ABC is an equilateral spherical triangle in which small displacements are made, in the sides and angles, of such a nature that the triangle remains equilateral. Prove that $$ \frac{da}{dA} = \cos\left({\frac{A}{2}}\right) \cot\left({\frac{a}{2}}\right) $$
I would have mentioned my progress. But all I have been able to done is differentiate different trigonomeric formulae to get an expression which is of no use to simplify, since it never matches with answer on a numerical verification.
Please help. A hint on how to start might be enough.
NOTE: This question is Q9 of Execrcise 1 from W.M. Smart's Spherical Astronomy.
I don’t believe the formula is correct as quoted.

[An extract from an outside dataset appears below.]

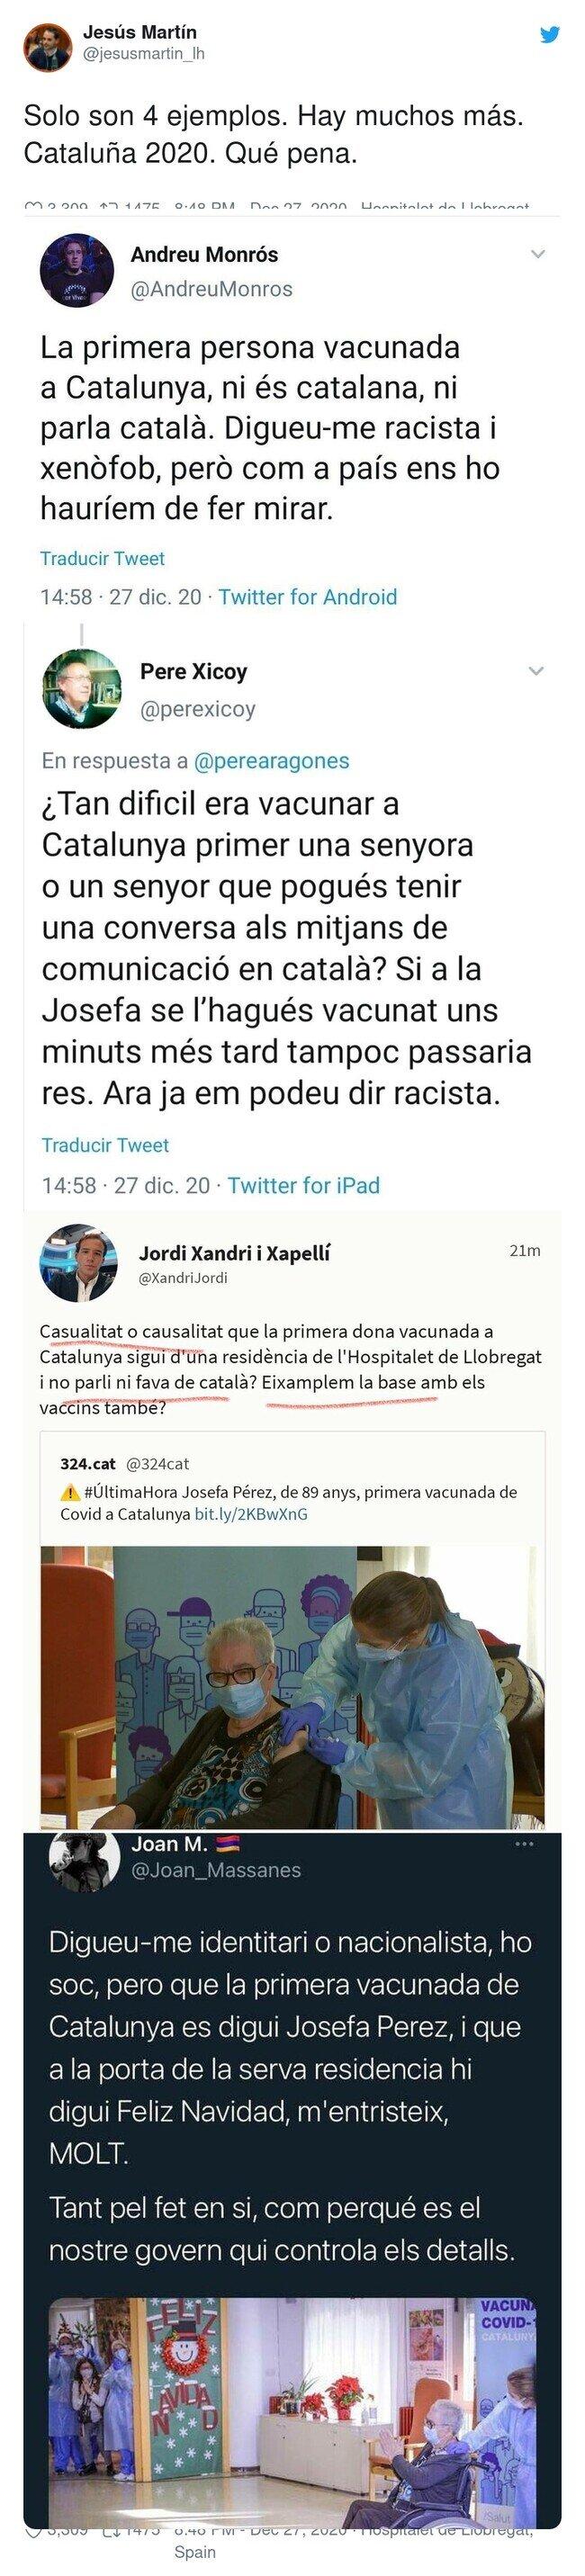 21450 - Esto es lo que opinan algunos catalanes de la primera mujer vacunada en Catalunya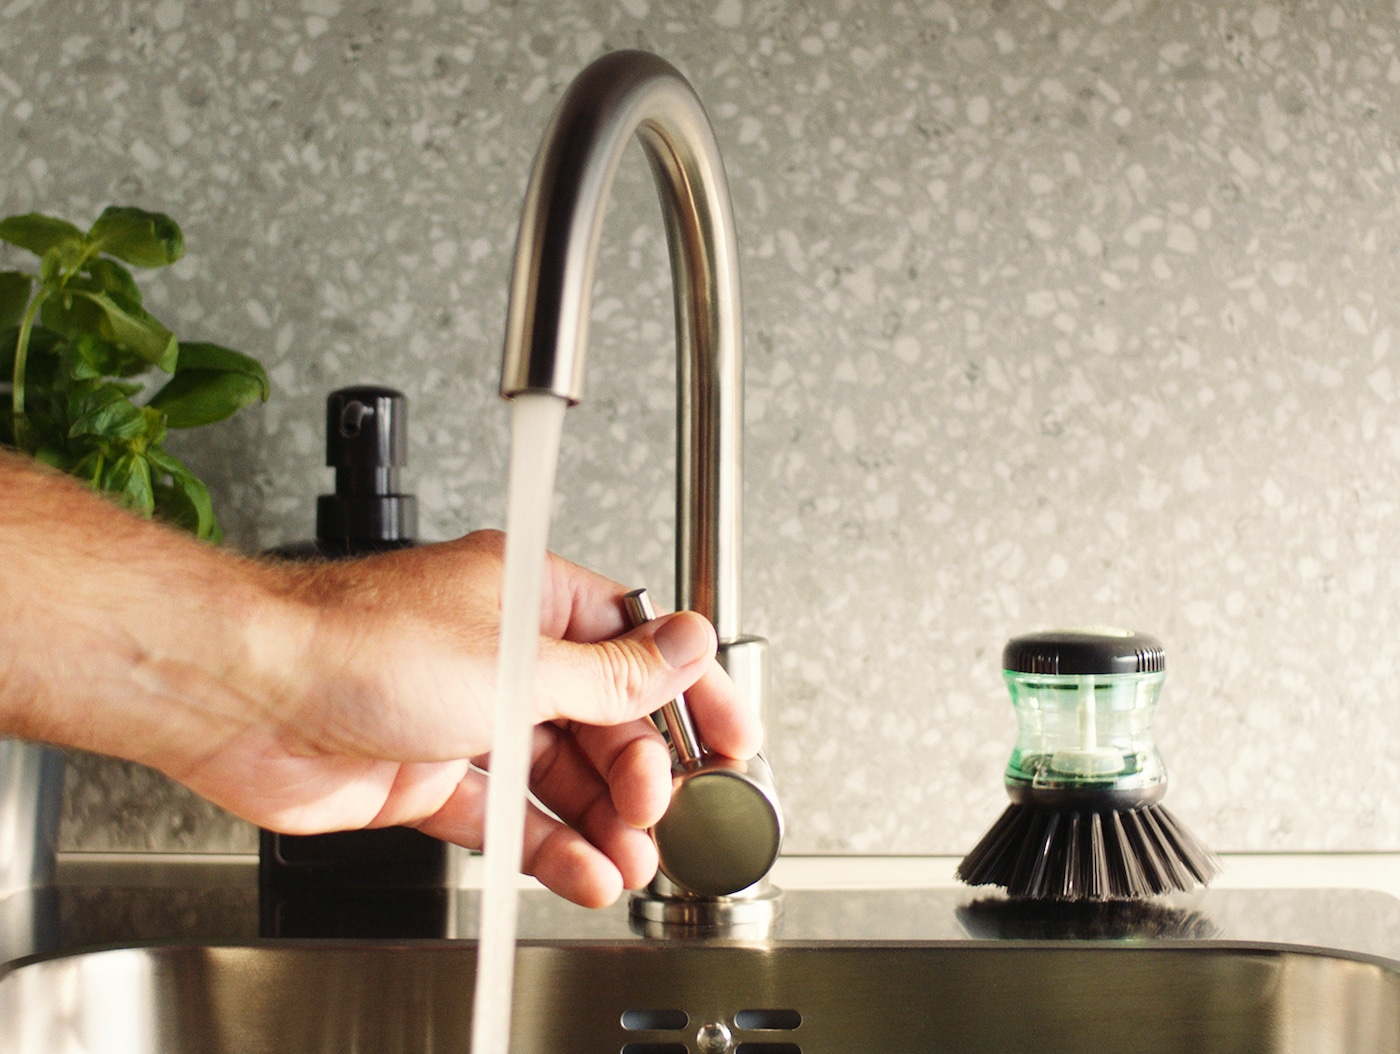 Egy kéz, amely éppen egy rozsdamentes GLYPEN konyhai keverőcsapon szabályozza a víz sugarát, mellette pedig egy TÅRTSMET mosogatókefe.

We’re dealing with an equilateral (and equiangular!) spherical triangle, and to avoid (my own) confusion, I’ll call the side-length $s$ and the angle $\theta$. Both are angles, of course. The most obvious thing is to bisect the triangle into two right triangles, each with hypotenuse $s$ and one side $s/2$, this latter side being opposite the angle $\theta/2$, while the other angle of the triangle is still $\theta$.
Now, one of the standard formulas for right spherical triangles is $$ \cos c=\cot A\cot B\,, $$ and for us, $c=s$, $A=\theta$, $B=\theta/2$. So we differentiate our relation $\cos s=\cot\theta\cot(\theta/2)$, and get \begin{align} -\sin s\frac{ds}{d\theta}&=-\cot\theta\csc^2(\theta/2)\cdot\frac12 -\csc^2\theta\cot(\theta/2)\\ \frac{ds}{d\theta}&=\frac{\frac12\cot\theta\csc^2(\theta/2)+\csc^2\theta\cot(\theta/2)}{\sin s}\,. \end{align} Now let’s test this out on the nicest possible equilateral triangle, the one whose sides and angles are both $90^\circ$. Here, the first term in the numerator drops out, ’cause $\cot90^\circ=0$, but everything else evaluates to $1$, and so even $ds/d\theta=1$ at this test-point. Yet, the formula evaluates to $\sqrt2/2$, unequal to $1$.